Уинтринхэмы давали ей почитать книги из своей библиотеки, а когда погода стала теплее, Джил убедила ее больше времени проводить в саду. Эта размеренная, спокойная жизнь нравилась девушке. Она стала лучше выглядеть: нездоровую бледность сменил легкий румянец, который удачно подчеркивал естественную красоту ее темных волос.

В субботу, последовавшую за визитом Дэвида к Берту Льюису, когда Джил с Паулиной, растянувшись в шезлонгах, наслаждались ласковыми лучами теплого солнца, к ним присоединился Том. Его лицо было бледным, и было заметно, что он расстроен. Юноша тяжело опустился на землю рядом с Паулиной и замер, не обращая на женщин никакого внимания. Они обменялись встревоженными взглядами, но ожидаемого взрыва не последовало.

— Я сыт по горло этим мясником, — пробормотал он наконец.

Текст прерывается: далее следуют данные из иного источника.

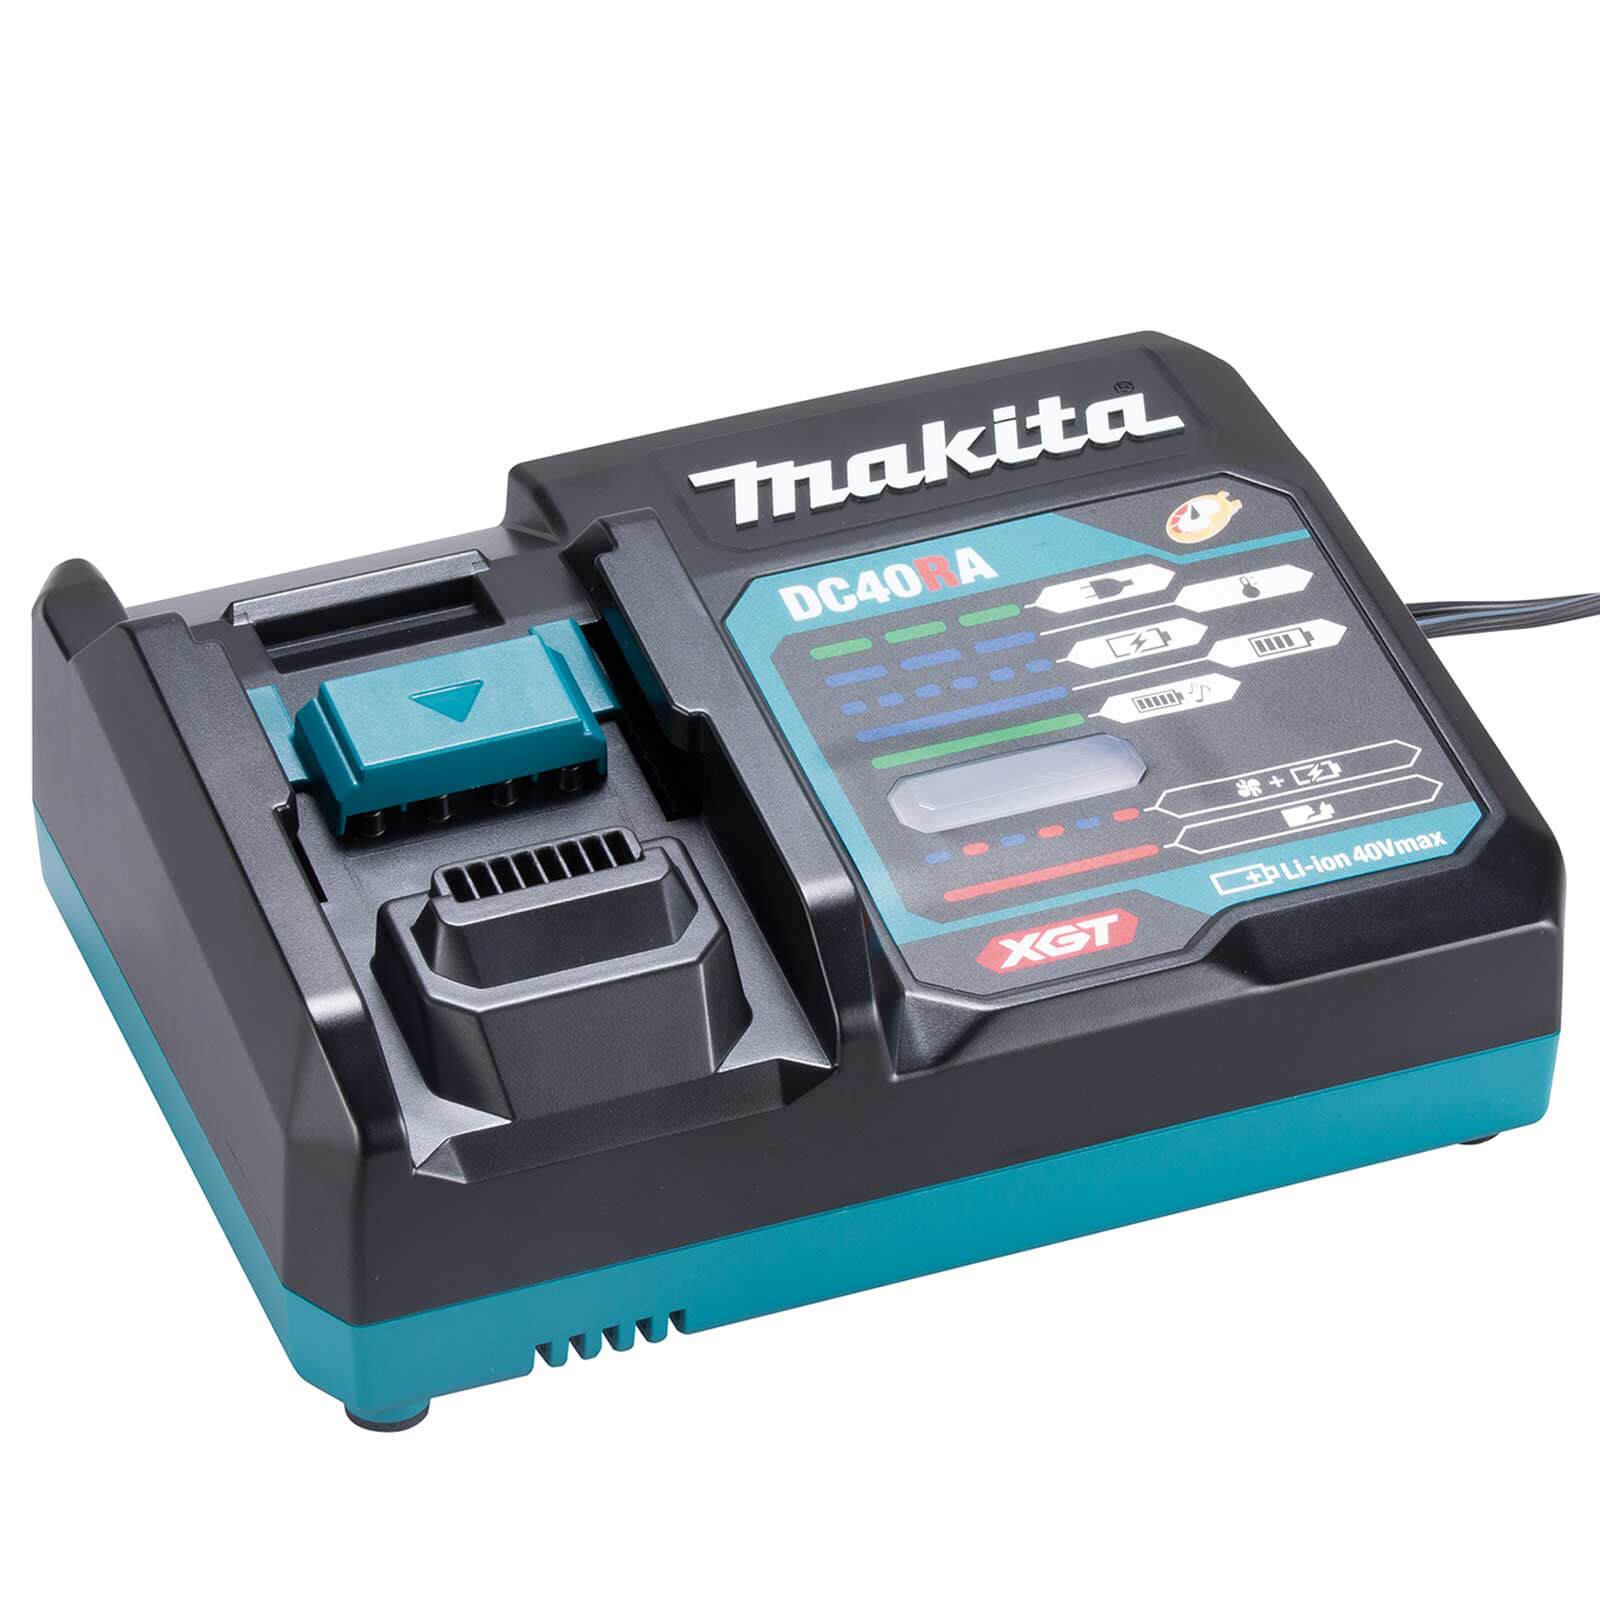 Image of Makita DC40RA 40v Max XGT Battery Fast Charger 110v

Джил решила, что он имеет в виду Симингтона-Коула, и улыбнулась его меткому замечанию.

— Разве Джеймс приходил позировать? — поинтересовалась она. — Я думала, что сеансы уже закончились.

— Нет. Я просто хочу закончить эту вещь. Мне уже давно пора было завершить работу. Целая вечность прошла с тех пор, как я появился здесь, — он неожиданно посмотрел на Джил с детской, открытой улыбкой. — Но он мертв и не интересует меня. Он холоден и бездушен, как расчетливый делец. Мне жаль, Джил, что он является вашим другом.

— Все верно, — согласилась она. — В этом ему не откажешь, но он, ко всему прочему, еще и блестящий хирург, и сотни людей обязаны ему своим зрением. Я думаю, это его извиняет. Если его работа успешна и значительна, то личные качества значат не так уж много. Разве только для его семьи.

— Я хотел бы, чтобы это оказалось правдой, — заметил Том. — Но от этого мне не станет легче рисовать его уродливую харю, когда мне хочется заняться настоящим делом.

— Каким, например? — поинтересовалась Паулина.

— Да ты же знаешь. Вряд ли ты могла удержаться и не взглянуть на мои работы. Я не такой дурак, чтобы этого не заметить.

Паулина покраснела, но тут ей на помощь пришла Джил.

— Боюсь, что все мы смотрели твои картины, — сказала она. — Я надеюсь, что ты расценишь этот интерес как меру уважения твоего таланта, а не как простое любопытство.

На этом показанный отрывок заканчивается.